Иногда — ярко и рельефно проступает история: “Почти темно. Спускаются к реке / животные, бородачи без веры, / язычники бредут, легионеры, / гудят на непонятном языке. / Забыв про дом и быт, про смех и женщин, / мужья уходят в воду и сыны. / Никто не поднимает головы. / Тьма чавкает, гогочет и скрежещет” (“Переправа”). (Интересно посмотреть, как эти стихи перекликаются с “Переправой” Мартынова: “Туман. Река. Клубятся облака. / Я жду. И вместе ждут у переправы / Охотники, солдаты, гуртоправы, / Врачи, крестьяне... Всех томит тоска”.)
Да и пейзаж у Дьячкова разнообразнее — то среднерусский, то палестинский: “На мелководье видно, как песок / из-под стопы взвивается, и кружит, / и оседает. Терпкий запах стружек / и сладкие — олифы и досок” (“Первые апостолы”). Пусть этот стих лишен иронии, как у Салимона, или парадокса, как у Бару, он мифилогичнее, сказочнее, безыскуснее: “Пустынный пляж. Забытая лопатка. / Детдомовец в рюкзак сложил манатки. / Рюкзак в кладовой заперли давно. / Ключ — в чреве карпа. Карп ушел на дно” (“Век”).
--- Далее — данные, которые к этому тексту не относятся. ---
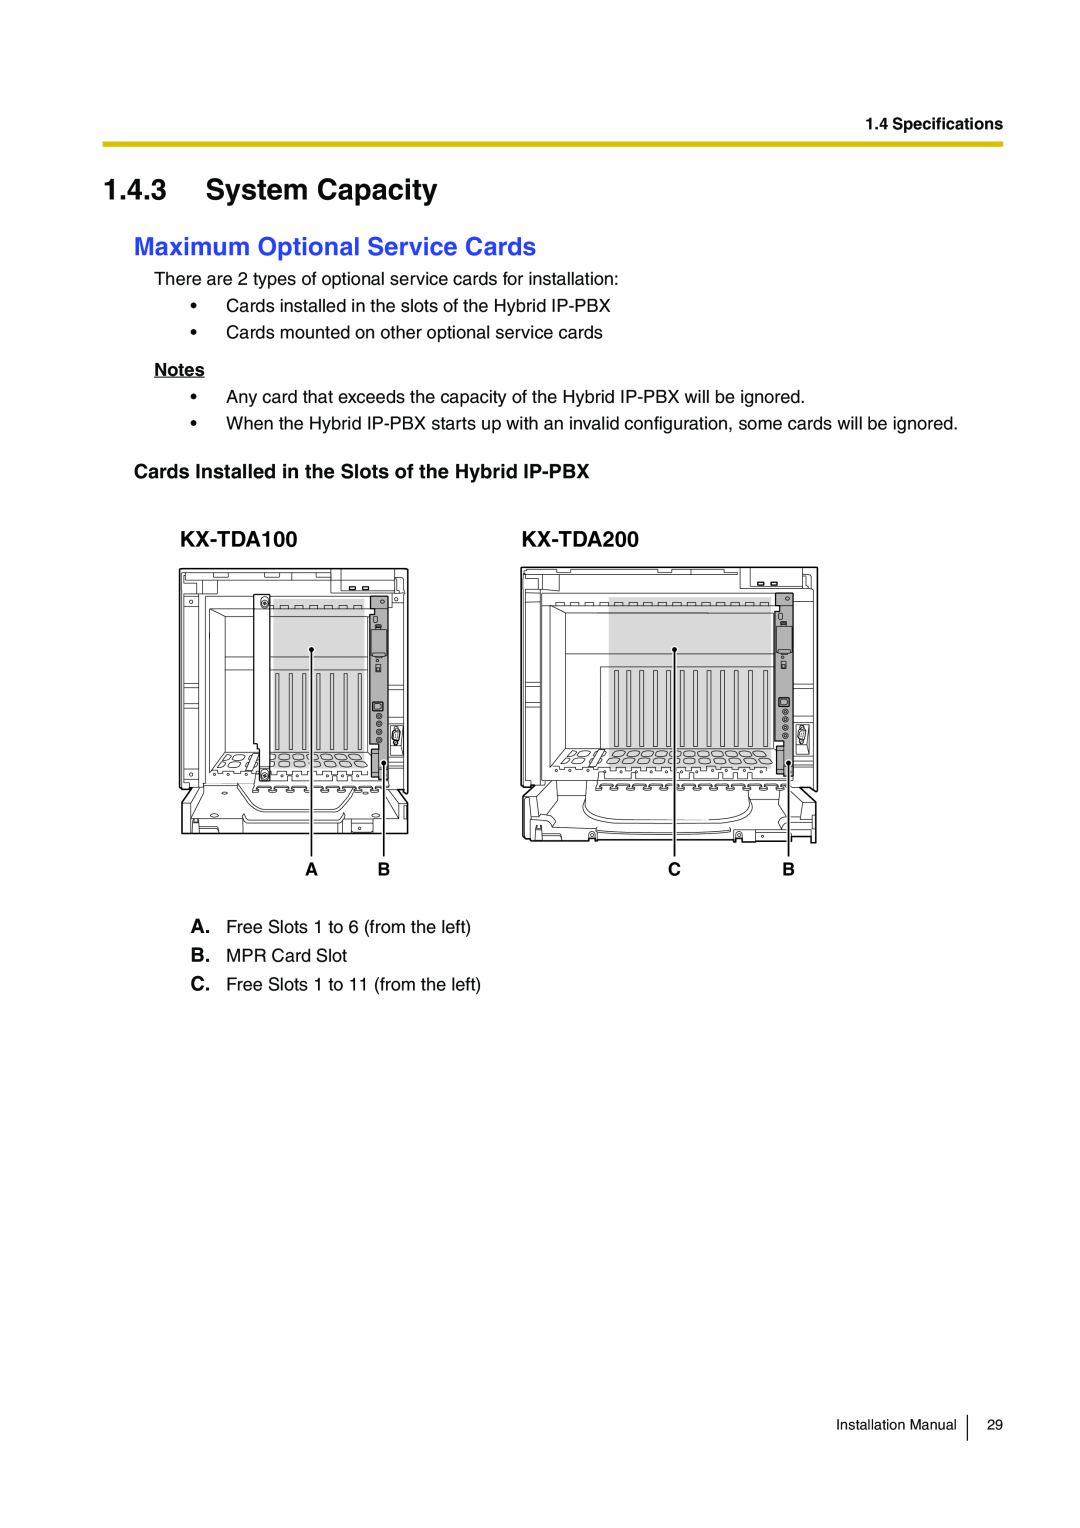 Panasonic installation manual System Capacity, Maximum Optional Service Cards, KX-TDA100KX-TDA200, A Bcb 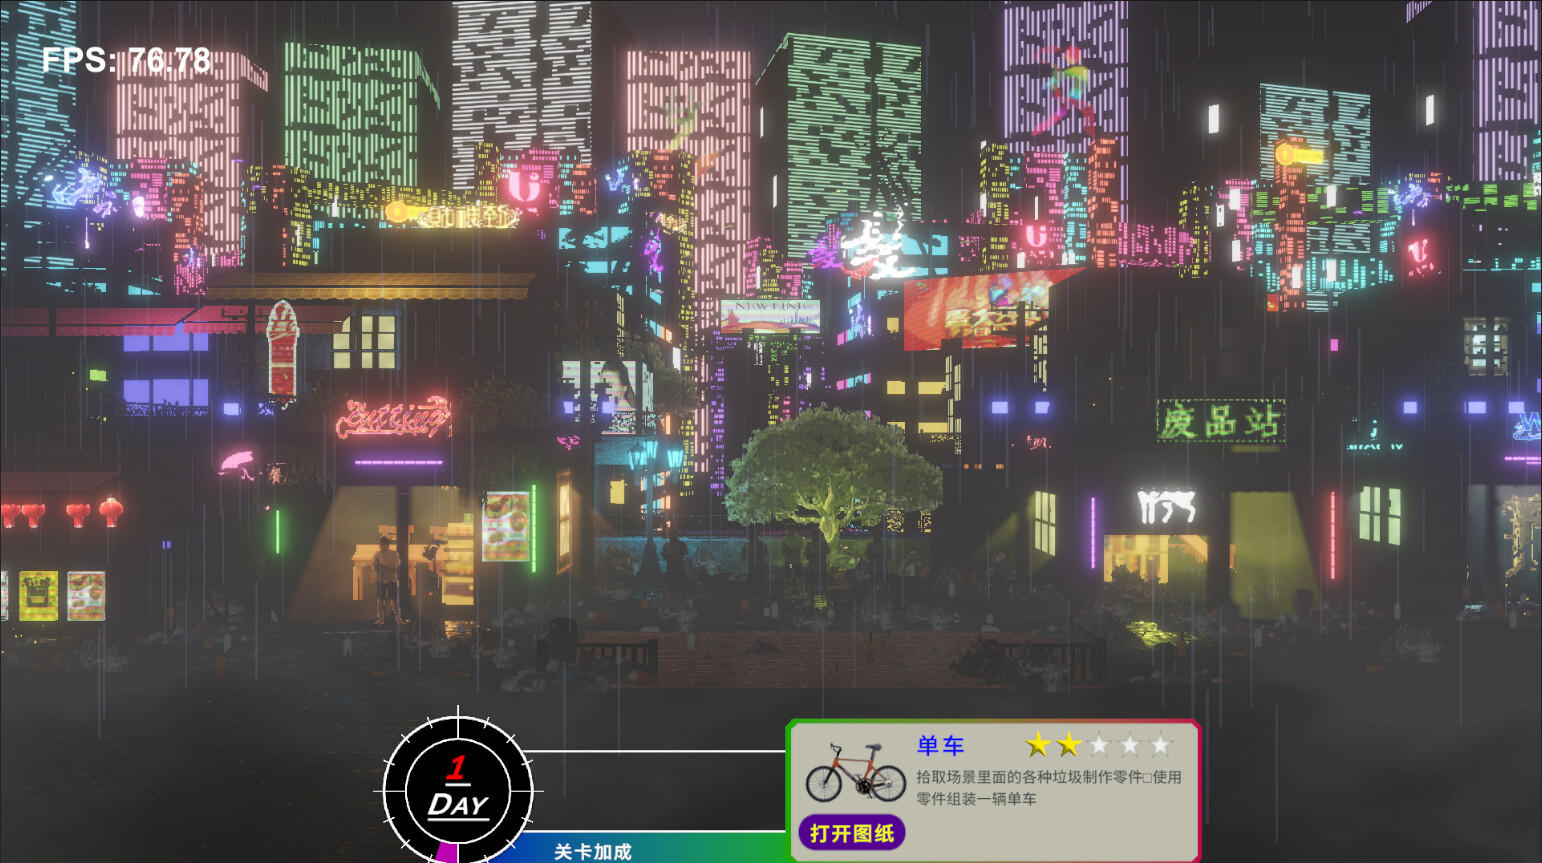 Neon City screenshot game

В л а д и м и р И в а н о в. Мальчик для бытия. Стихотворения. М., “Журнал поэзии „Арион””, 2009, 72 стр.
“Last but not least”, как говорят в таких случаях англичане. “Последний по списку, но не по значимости”. Хотя книга вышла в другой — старой — арионовской серии, по духу она вполне встраивается в один ряд с “аэстэшным” проектом, примыкая в нем скорее к пейзажному “минимализму” Салимона, Бару и Дьячкова.
Достоинство лирики Иванова — в том, что стихи его менее пейзажны, более наполнены людьми, заботами, делами, временем. “Морозы, морозы везут тепловозы, / Платформами гонят — я был очевидцем. / Я видел, как вместо сосны и березы / Платформы с морозами гонят в столицу. // Их свалят небрежно у стен мавзолейных, / А после, конечно, растащат по дачам. / Пока же их тащат ширококолейной / Из мест, где Сусанин поляков дурачил” (“Порожняк”).
Недостаток — в том, что минимализма, а точнее, чувства, где, в каком месте нужно “прекратить стих”, Иванову часто не хватает. В том же замечательно начатом “Порожняке” стих еще десять катренов катит действительно “порожняком”, скучновато перетряхивая “русско-польскую” тему, чтобы в финале выдохнуть совсем уж никакое: “Поляк, на поверку, был умалишенным / Лесничим, с войны не дождавшимся сына”…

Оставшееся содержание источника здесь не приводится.